Operators would tend to push toward conventional and readily available diesel-based or even dual-fuel units for their fracturing requirements, but these are interesting times and things are not so cut and dry.
While investors are pressuring operators to live within cash flow and be more cash-conscious in general, there is also a movement toward increased environmental and social awareness that is gaining momentum. Some of the same equity backers that are demanding returns are pushing the ESG (environment, social and corporate governance) agenda, and operators are responding by looking at ways to reduce their carbon footprints and generally be better stewards of the environment. The movement is serious.
According to one vendor, some operators have even gone as far as to tie executive bonus structures directly to the amount of annual carbon reduction achieved by the efforts at the field level, financially incentivizing the use of technology like e-frac.
“Given multiple benefits, we foresee e-frac continuing to take share in the years ahead,” said Scott Gruber, analyst with Citi Research in a mid-2019 note to clients. “However, this is unlikely to be a surge as in prior cycles, rather a steady investment stream over time given capital discipline demands, but nonetheless a free-cash-flow moderator.”
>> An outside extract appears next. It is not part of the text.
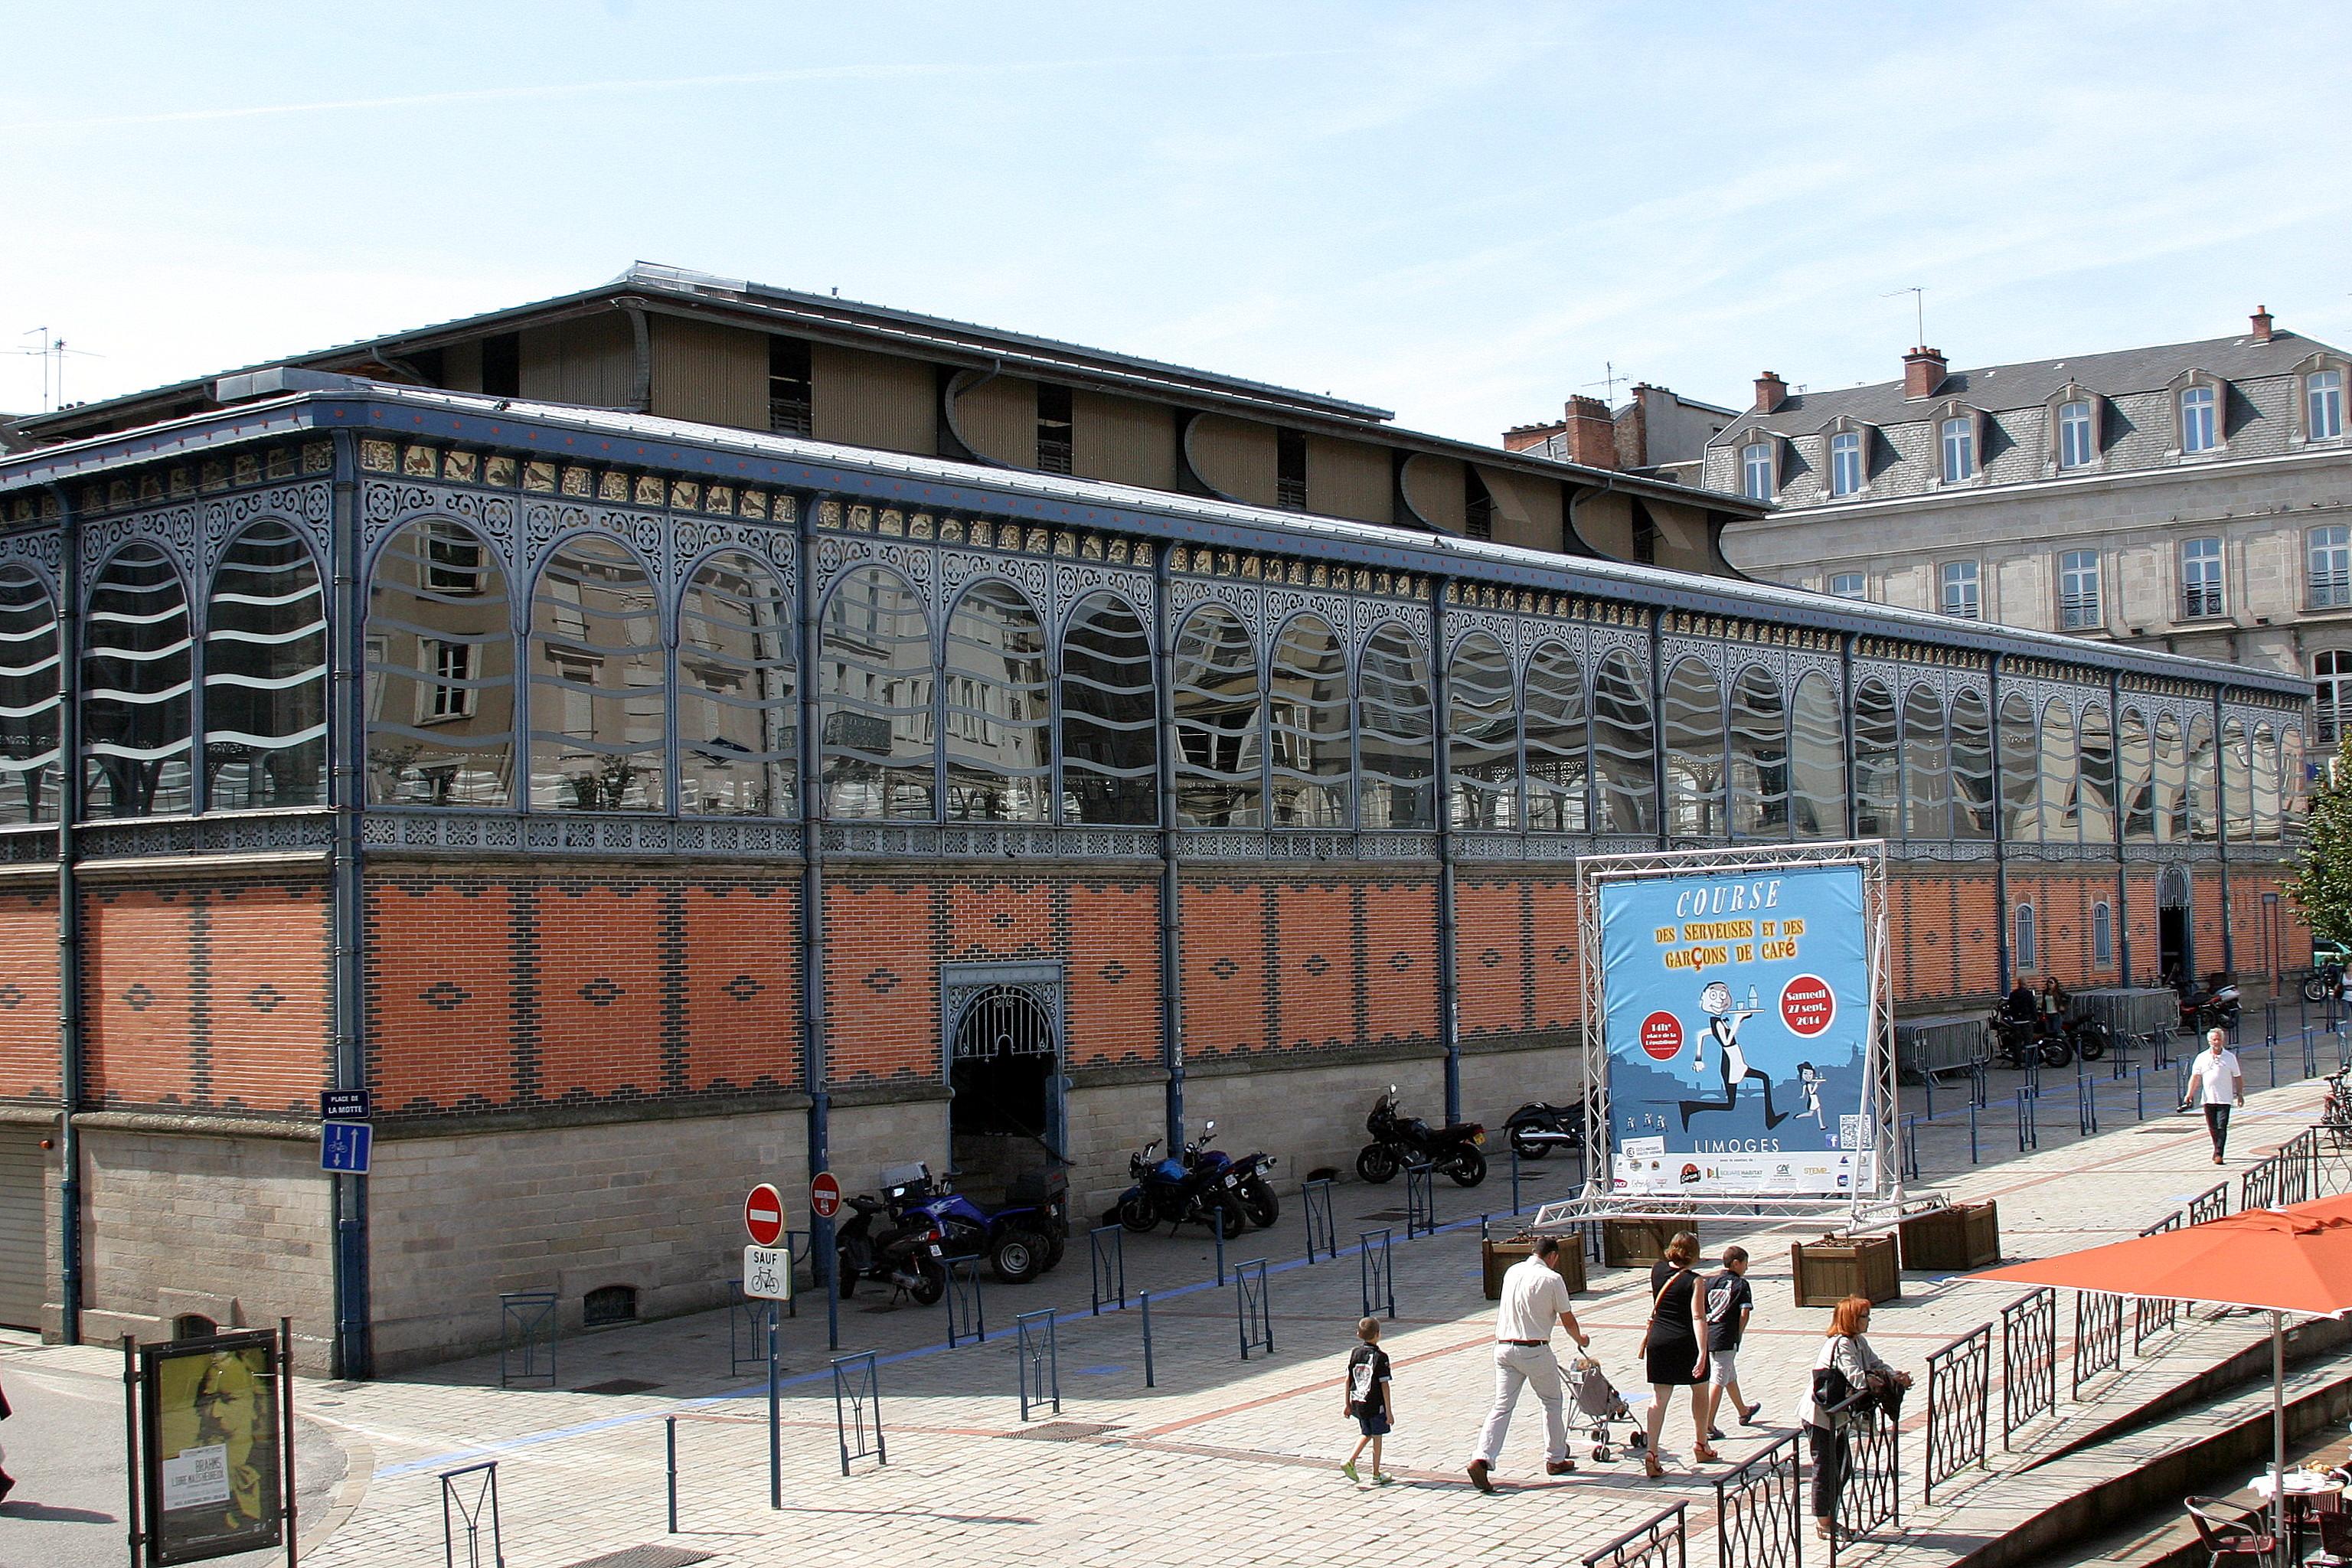 Central Market - Limoges, France
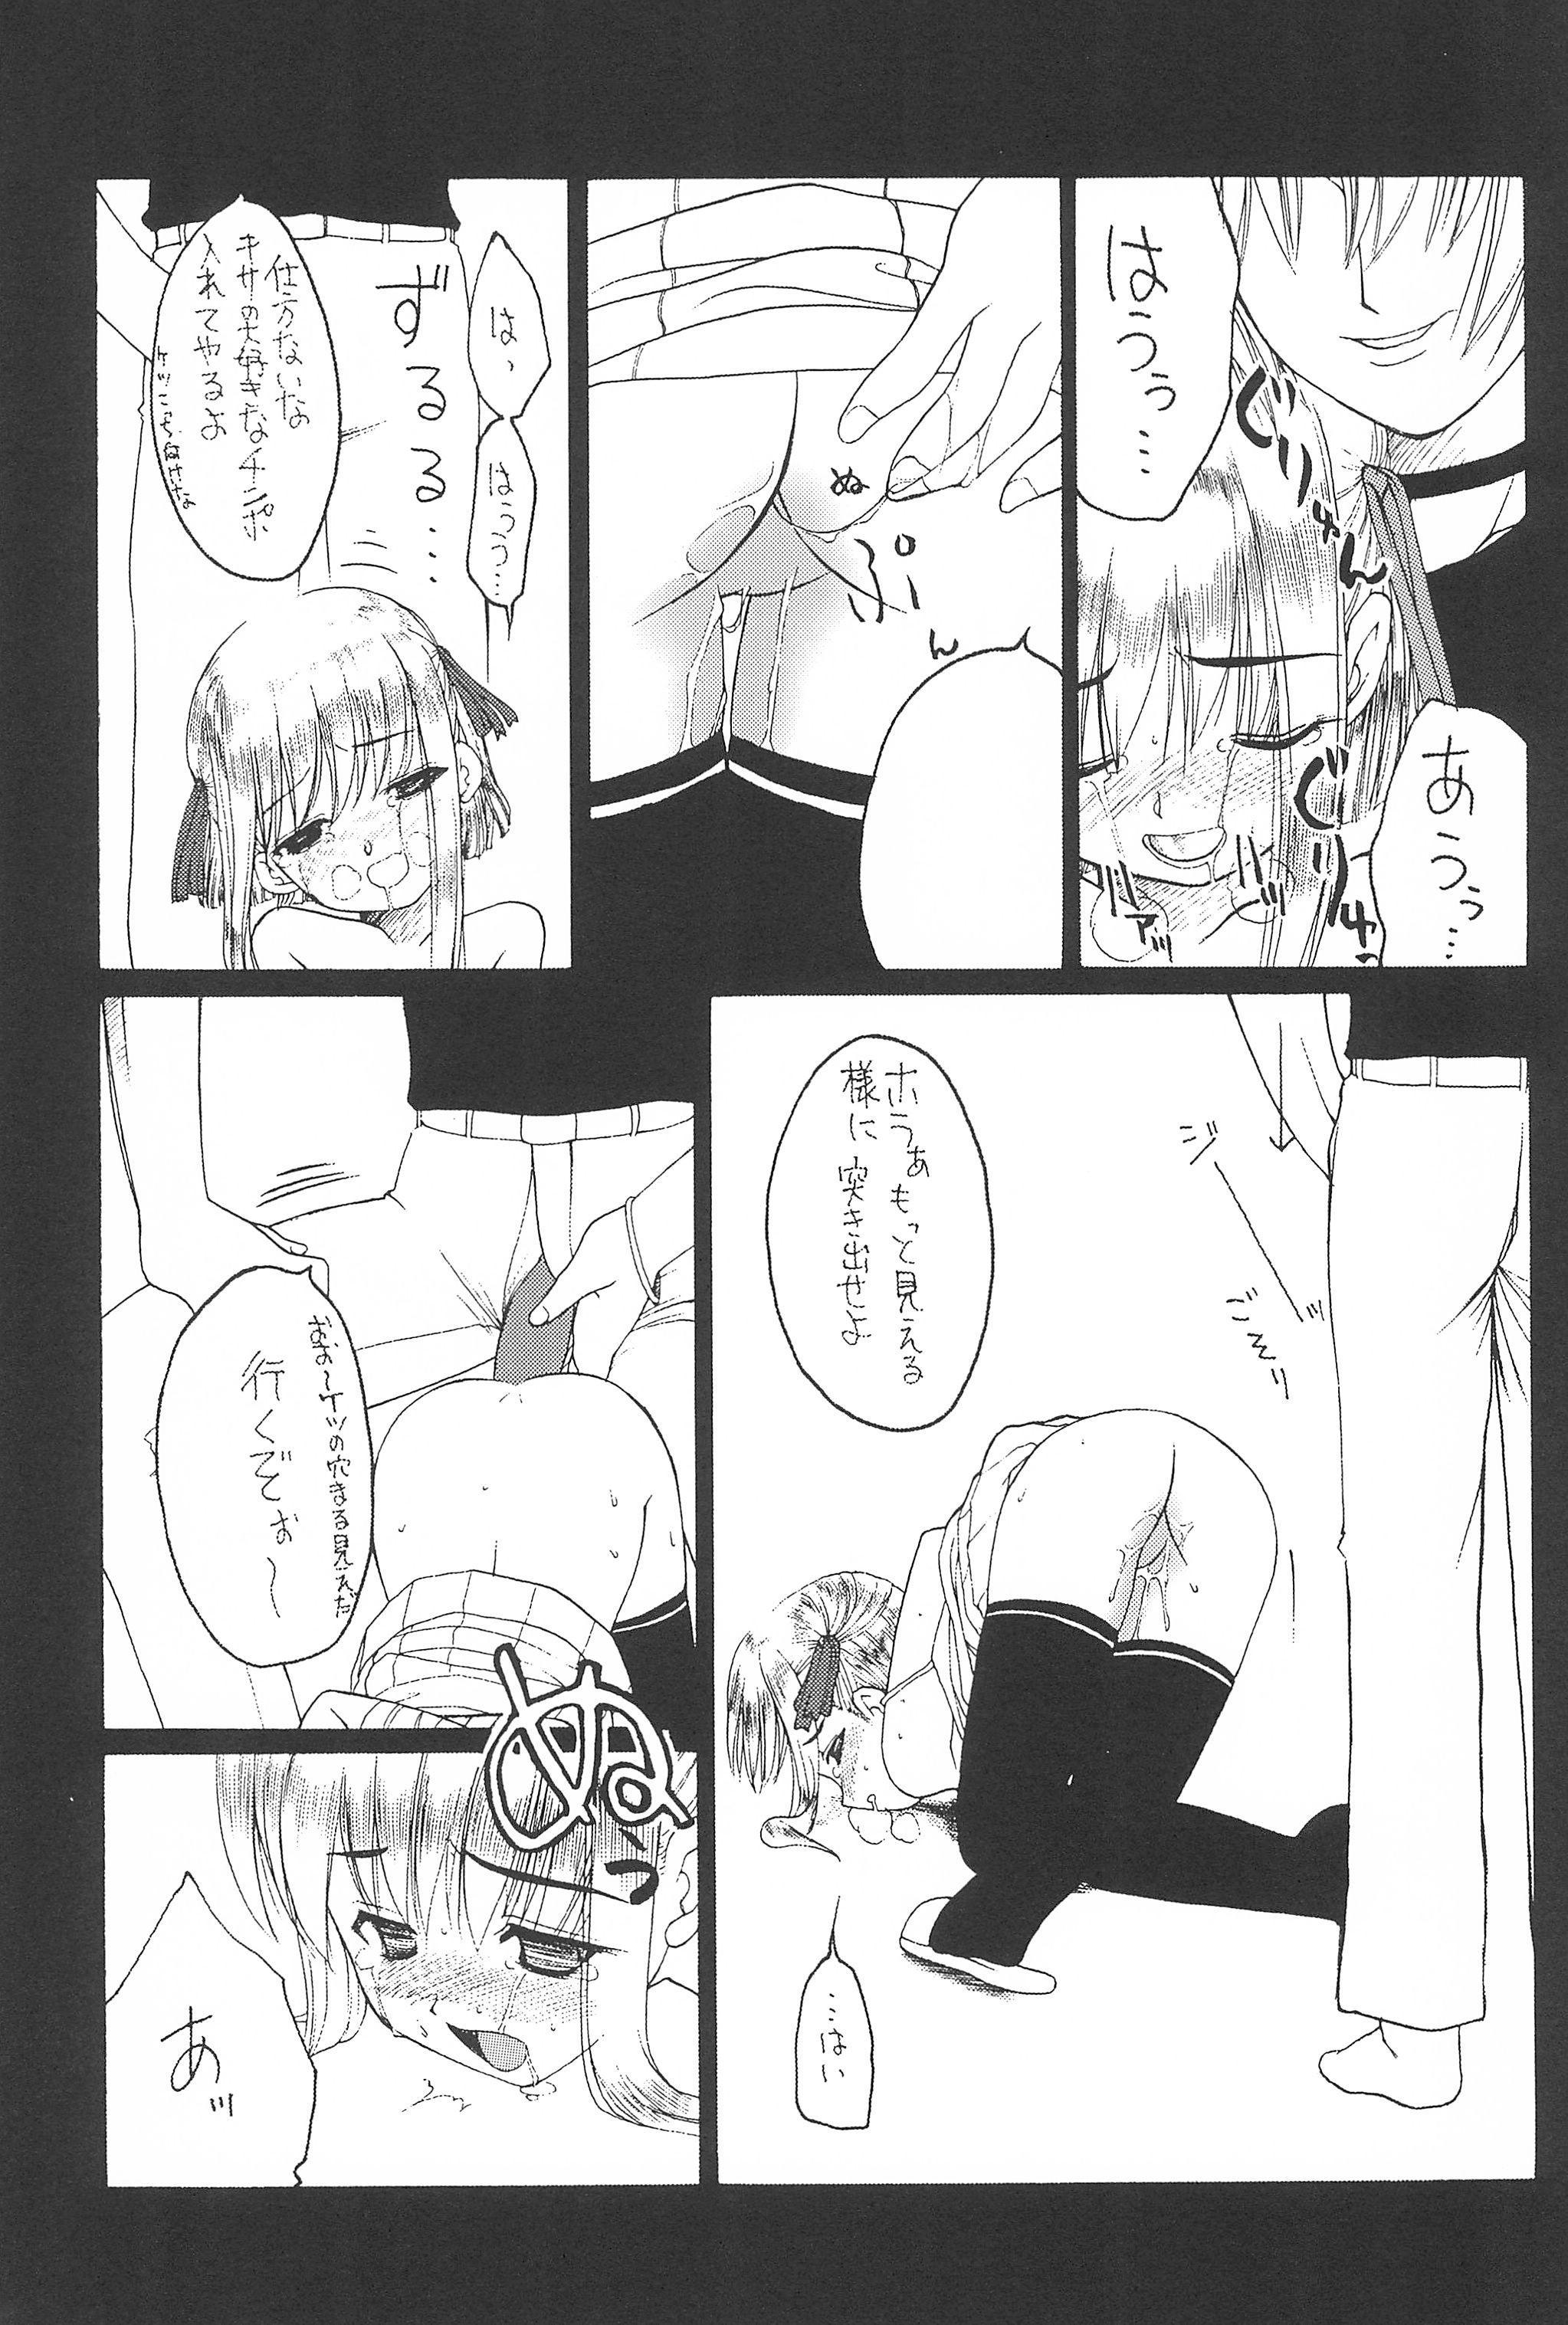 (SC22) [Shinobi no Yakata (Iwama Yoshiki) JEWEL-BOX 10 LOLITA-SARAD (Various) 10

There are more than 500 frac fleets across North America totaling around 20 million horsepower, the majority of which are powered by trailer-mounted diesel engines. Each fleet can consume up to 7 million gallons of diesel annually, emit 70,000 metric tons of CO2 and require around 700 tanker truckloads of diesel to be supplied to site.
The draw of e-frac is obvious in a place like the Permian Basin, where natural gas is often a byproduct of crude oil production to be flared if there is no takeaway capacity available. Operators can put that gas to work to generate electricity for completion operations. Electric systems also run more quietly than conventional diesel spreads, offering an additional safety or nuisance consideration for both workers at the field site and any neighboring populace.
Entry into the e-frac market for the interested contractor is an expensive proposition. While none of the current crop of providers involved in the market are speaking too candidly about the overall cost, pundits place the price tag of a new e-frac system at upward of $60 million. That’s about double the cost of a conventional diesel spread.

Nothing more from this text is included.